急性卒中事件(ASE)后早期复发(ER);由于需要平衡缺血性预防和出血风险,房颤(AF)患者的缺血性或出血风险提出了一个治疗挑战。本研究旨在量化内窥镜的发生率,包括缺血性和出血性,并利用前瞻性登记的真实世界数据确定其预测因素。患者和方法:回顾性分析2005年至2024年三级卒中中心首次因急性房颤入院的6个月内已知或检测到的房颤患者。ER定义为6个月内的任何复发事件。记录基线特征、CHA2DS2-VASc评分、CHADS-VA评分、脑卒中严重程度、抗凝类型、AF检测时间、监测持续时间。Cox和Fine-Gray模型确定了独立的预测因子。结果:1795例患者中,108例(6.0%)发生了ER。累积发病率为6.3% (95% CI 5.1-7.4),大多数事件发生在前30天。独立预测因子包括较高的CHA2DS2-VASc评分(sHR = 1.252, p = 0.023)、较低的卒中初始严重程度(sHR = 0.918, p p = 0.001)和卒中后30天内检测到AF (sHR = 1.644, p = 0.026)。DOAC的使用具有保护作用(sHR = 0.484, p = 0.003),而VKA的使用无统计学意义(sHR = 0.637, p = 0.068)。相互作用分析显示,仅在卒中后检测到房颤的非抗凝患者中复发风险增加。这些发现在限于缺血性卒中的敏感性分析中是一致的,包括时间依赖性抗凝,或比较CHADS-VA和CHA2DS2-VASc评分。结论:ER以缺血性为主,主要发生在30天内。危险因素包括房颤检测时间、CHA2DS2-VASc评分、卒中严重程度、伴发原因和抗凝状态,支持早期风险分层和DOAC启动。
期刊介绍:
Launched in 2016 the European Stroke Journal (ESJ) is the official journal of the European Stroke Organisation (ESO), a professional non-profit organization with over 1,400 individual members, and affiliations to numerous related national and international societies.
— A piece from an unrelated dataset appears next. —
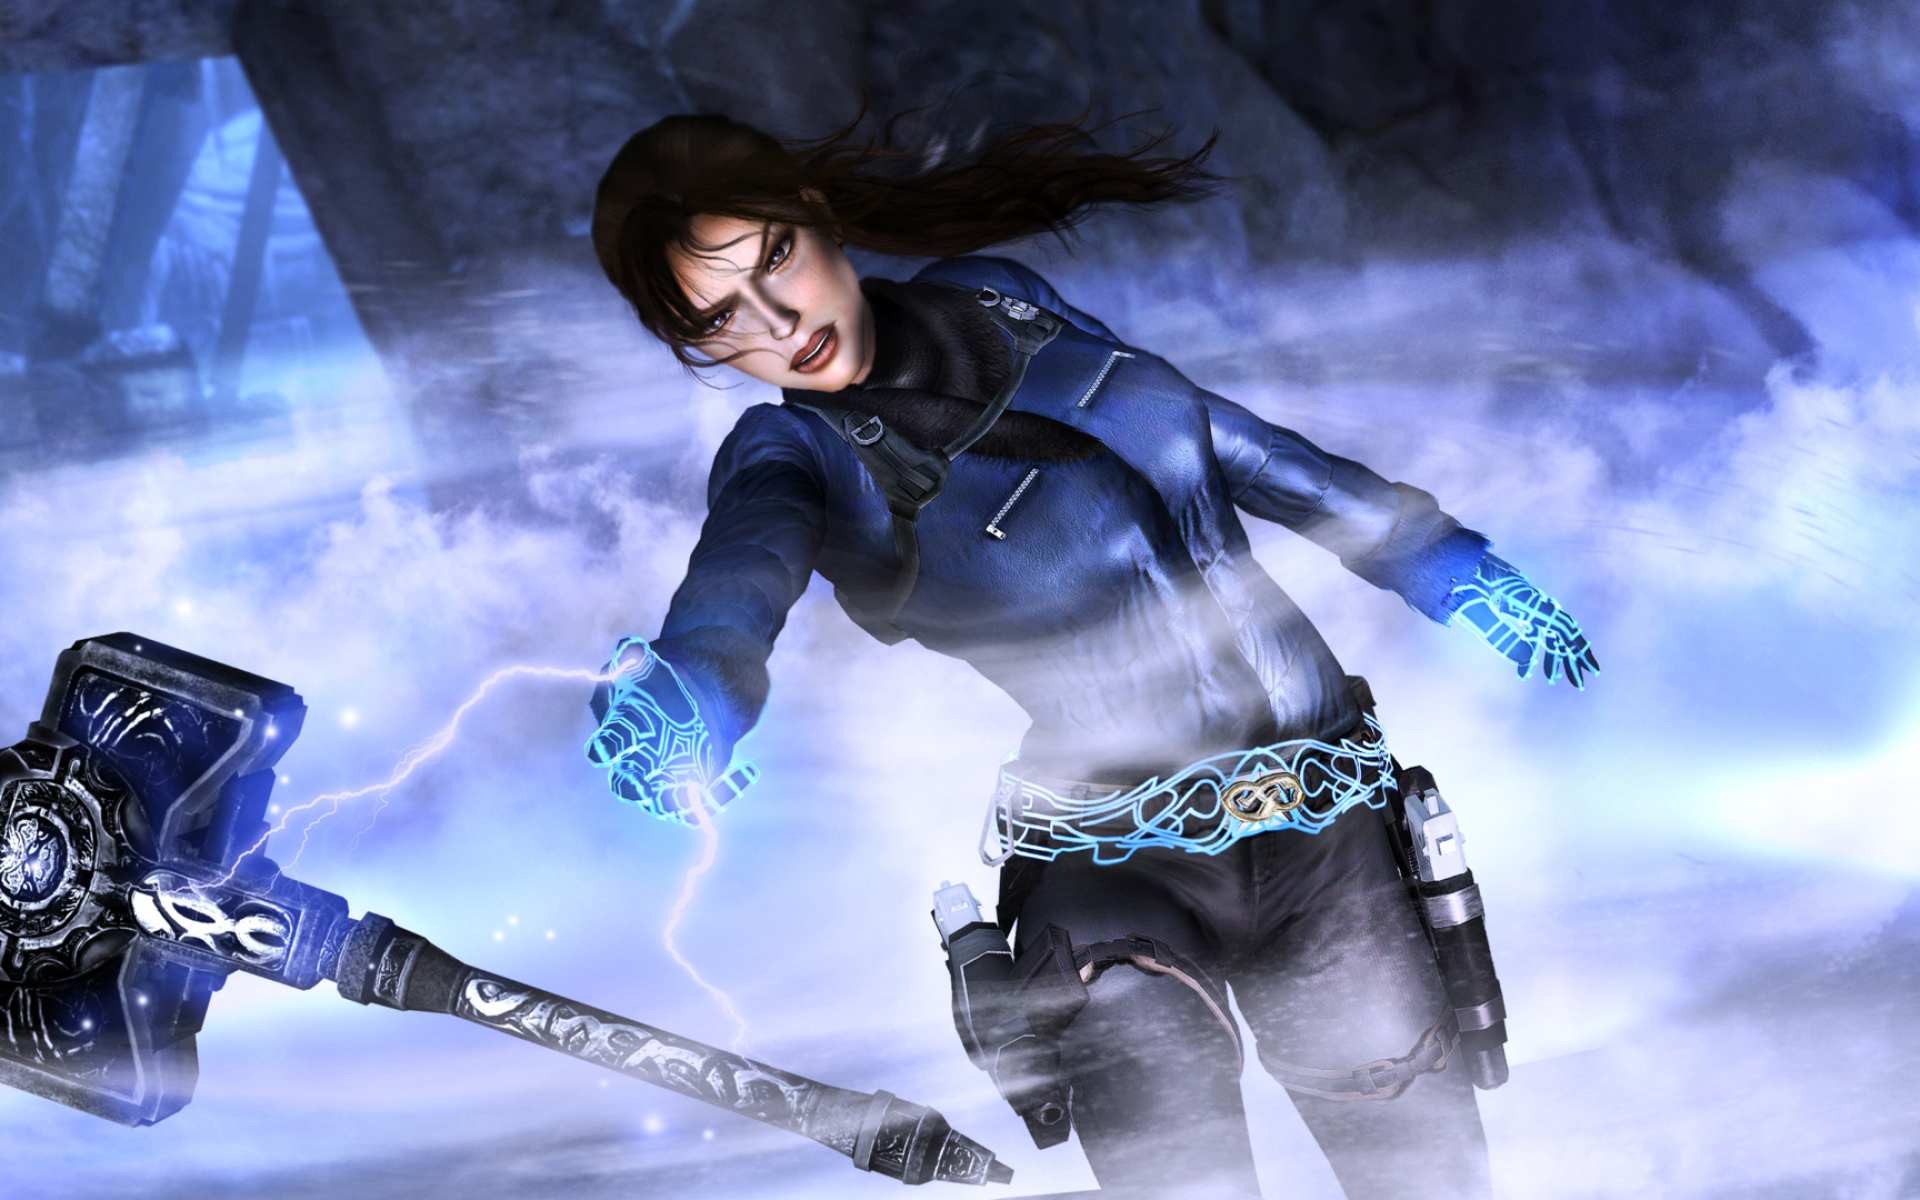 Lara Croft in Underworld, Tomb Raider wallpaper, Adventurous spirit, Daring quests, 1920x1200 HD Desktop

ESJ covers clinical stroke research from all fields, including clinical trials, epidemiology, primary and secondary prevention, diagnosis, acute and post-acute management, guidelines, translation of experimental findings into clinical practice, rehabilitation, organisation of stroke care, and societal impact. It is open to authors from all relevant medical and health professions. Article types include review articles, original research, protocols, guidelines, editorials and letters to the Editor. Through ESJ, authors and researchers have gained a new platform for the rapid and professional publication of peer reviewed scientific material of the highest standards; publication in ESJ is highly competitive. The journal and its editorial team has developed excellent cooperation with sister organisations such as the World Stroke Organisation and the International Journal of Stroke, and the American Heart Organization/American Stroke Association and the journal Stroke. ESJ is fully peer-reviewed and is a member of the Committee on Publication Ethics (COPE). Issues are published 4 times a year (March, June, September and December) and articles are published OnlineFirst prior to issue publication.